Dataset records section start

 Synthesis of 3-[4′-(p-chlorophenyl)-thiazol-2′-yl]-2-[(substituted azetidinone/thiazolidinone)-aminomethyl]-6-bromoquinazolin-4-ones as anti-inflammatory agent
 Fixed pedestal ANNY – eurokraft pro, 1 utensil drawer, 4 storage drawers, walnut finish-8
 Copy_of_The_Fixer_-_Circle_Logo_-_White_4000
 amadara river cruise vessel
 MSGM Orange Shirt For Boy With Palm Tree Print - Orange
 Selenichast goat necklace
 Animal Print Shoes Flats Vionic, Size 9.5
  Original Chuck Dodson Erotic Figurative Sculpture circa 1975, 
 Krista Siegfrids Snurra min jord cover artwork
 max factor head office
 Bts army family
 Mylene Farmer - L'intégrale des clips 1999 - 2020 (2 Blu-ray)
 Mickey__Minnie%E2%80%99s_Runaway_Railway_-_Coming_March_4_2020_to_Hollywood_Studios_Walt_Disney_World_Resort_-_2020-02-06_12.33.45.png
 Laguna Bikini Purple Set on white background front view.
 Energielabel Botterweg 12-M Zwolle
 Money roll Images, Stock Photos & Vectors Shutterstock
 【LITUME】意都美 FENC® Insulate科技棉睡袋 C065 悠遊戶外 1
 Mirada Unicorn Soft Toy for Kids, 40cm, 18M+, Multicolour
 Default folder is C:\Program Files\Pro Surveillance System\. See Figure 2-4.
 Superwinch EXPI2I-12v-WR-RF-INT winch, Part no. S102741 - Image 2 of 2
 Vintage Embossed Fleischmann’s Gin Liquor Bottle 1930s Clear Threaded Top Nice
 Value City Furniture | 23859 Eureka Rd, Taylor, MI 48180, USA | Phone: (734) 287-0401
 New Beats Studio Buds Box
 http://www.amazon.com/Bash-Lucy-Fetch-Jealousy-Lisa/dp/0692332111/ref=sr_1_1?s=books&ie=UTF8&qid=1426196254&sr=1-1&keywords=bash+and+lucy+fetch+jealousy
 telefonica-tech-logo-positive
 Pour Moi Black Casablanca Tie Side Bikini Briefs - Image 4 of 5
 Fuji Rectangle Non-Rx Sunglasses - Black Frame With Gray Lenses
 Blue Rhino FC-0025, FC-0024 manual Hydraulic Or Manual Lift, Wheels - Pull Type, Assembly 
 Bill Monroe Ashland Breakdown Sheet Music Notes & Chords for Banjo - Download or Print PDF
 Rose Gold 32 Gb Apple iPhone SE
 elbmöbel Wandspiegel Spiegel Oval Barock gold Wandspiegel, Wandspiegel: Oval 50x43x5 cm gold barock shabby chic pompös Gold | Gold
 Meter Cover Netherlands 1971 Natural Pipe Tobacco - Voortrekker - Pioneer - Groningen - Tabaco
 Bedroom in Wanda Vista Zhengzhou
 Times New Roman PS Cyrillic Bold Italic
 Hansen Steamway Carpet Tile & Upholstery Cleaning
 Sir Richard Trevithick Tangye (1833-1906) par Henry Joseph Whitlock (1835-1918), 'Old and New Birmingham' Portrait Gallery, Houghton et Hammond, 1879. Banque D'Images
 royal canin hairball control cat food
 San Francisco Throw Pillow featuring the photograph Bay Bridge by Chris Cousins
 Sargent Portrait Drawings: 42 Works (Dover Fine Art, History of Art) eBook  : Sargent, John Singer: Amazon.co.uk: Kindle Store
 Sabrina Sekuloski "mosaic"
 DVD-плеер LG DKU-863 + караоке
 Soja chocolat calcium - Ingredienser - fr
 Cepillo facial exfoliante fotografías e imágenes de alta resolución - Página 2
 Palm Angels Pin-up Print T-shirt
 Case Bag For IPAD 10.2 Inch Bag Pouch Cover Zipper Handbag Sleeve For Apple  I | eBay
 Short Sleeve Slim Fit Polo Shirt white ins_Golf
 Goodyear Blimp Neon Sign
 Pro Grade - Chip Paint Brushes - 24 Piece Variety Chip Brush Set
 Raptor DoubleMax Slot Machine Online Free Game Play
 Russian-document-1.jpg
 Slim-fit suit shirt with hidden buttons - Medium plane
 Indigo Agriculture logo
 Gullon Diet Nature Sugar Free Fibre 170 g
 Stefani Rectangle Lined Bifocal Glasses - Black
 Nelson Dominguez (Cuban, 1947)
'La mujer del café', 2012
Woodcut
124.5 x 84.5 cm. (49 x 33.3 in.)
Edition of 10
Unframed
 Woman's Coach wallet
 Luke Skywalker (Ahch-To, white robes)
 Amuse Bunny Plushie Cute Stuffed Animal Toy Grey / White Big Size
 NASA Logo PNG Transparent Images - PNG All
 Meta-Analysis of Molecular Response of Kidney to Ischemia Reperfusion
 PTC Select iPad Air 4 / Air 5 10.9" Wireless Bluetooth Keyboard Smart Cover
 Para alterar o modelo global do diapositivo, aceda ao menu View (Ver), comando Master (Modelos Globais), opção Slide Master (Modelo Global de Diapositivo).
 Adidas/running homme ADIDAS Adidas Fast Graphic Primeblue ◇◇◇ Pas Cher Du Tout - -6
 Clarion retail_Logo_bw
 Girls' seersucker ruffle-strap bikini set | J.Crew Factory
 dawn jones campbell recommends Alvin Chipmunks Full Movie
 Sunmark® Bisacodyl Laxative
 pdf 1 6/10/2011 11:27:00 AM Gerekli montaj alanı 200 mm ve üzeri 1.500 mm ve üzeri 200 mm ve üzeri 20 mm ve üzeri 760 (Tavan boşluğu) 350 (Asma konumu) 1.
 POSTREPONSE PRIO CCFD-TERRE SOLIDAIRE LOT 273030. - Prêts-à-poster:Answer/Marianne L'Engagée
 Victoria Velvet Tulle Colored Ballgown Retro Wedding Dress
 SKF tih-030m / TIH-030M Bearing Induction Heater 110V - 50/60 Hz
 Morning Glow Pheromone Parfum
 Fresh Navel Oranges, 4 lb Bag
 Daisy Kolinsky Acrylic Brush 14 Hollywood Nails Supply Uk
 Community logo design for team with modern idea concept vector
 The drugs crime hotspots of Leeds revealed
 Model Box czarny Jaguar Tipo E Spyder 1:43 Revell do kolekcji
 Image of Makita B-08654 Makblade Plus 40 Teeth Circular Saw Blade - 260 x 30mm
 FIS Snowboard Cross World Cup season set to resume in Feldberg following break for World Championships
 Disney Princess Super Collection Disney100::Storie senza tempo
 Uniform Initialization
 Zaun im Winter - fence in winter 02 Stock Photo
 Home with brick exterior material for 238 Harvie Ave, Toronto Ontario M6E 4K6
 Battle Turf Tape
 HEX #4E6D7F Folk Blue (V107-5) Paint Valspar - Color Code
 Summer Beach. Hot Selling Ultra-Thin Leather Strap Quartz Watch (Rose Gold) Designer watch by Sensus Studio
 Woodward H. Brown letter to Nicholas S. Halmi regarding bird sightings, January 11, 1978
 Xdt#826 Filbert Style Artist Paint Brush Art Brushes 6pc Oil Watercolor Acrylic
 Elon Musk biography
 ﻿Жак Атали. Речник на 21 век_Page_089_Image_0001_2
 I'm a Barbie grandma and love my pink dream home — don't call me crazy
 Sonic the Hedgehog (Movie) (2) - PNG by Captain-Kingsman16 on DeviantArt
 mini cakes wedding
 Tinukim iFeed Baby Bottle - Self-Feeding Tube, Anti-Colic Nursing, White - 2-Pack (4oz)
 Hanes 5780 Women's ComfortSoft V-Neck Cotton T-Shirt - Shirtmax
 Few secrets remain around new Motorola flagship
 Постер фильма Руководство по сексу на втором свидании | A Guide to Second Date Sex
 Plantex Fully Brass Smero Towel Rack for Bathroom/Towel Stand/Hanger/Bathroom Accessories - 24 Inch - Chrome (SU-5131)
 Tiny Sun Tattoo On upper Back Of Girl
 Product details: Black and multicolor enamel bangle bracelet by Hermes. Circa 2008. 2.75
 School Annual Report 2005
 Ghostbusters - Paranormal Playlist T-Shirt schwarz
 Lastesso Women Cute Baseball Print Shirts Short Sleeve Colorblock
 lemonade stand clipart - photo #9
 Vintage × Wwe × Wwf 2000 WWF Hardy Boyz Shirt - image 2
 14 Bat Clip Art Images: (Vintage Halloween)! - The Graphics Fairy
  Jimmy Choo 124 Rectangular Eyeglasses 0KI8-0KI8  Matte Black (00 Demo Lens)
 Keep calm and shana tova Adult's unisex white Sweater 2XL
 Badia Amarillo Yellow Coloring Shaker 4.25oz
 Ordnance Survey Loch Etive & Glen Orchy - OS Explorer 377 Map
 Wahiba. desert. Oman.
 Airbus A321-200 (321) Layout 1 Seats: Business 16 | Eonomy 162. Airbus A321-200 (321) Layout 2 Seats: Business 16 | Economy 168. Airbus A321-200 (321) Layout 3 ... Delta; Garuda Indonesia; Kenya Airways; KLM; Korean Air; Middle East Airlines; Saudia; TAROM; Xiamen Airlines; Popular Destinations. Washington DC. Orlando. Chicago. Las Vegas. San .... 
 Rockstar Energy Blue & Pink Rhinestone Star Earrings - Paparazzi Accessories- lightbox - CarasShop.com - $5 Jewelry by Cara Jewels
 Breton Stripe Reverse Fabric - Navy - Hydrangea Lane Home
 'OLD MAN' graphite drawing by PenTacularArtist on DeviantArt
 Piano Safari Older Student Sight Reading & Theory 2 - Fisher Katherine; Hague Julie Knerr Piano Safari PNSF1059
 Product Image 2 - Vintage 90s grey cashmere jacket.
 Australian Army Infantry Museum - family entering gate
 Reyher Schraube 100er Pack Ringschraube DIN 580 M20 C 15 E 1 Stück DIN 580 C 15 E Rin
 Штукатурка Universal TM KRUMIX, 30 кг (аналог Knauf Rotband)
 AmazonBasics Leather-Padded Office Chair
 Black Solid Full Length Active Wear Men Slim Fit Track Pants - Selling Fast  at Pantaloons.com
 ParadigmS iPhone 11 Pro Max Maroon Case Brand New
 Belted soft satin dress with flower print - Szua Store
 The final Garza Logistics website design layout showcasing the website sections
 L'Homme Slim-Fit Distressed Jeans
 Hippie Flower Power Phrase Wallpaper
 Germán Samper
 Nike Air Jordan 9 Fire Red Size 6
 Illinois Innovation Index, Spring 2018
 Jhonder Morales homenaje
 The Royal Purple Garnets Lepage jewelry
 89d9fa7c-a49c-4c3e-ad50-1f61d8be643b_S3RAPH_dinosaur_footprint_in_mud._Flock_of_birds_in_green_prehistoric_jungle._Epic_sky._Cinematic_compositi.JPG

Dataset records section end

- **What you are asked to do**: Select every line in the records above that contains the word "Selling".

- **Response box**:
 Summer Beach. Hot Selling Ultra-Thin Leather Strap Quartz Watch (Rose Gold) Designer watch by Sensus Studio
 Black Solid Full Length Active Wear Men Slim Fit Track Pants - Selling Fast  at Pantaloons.com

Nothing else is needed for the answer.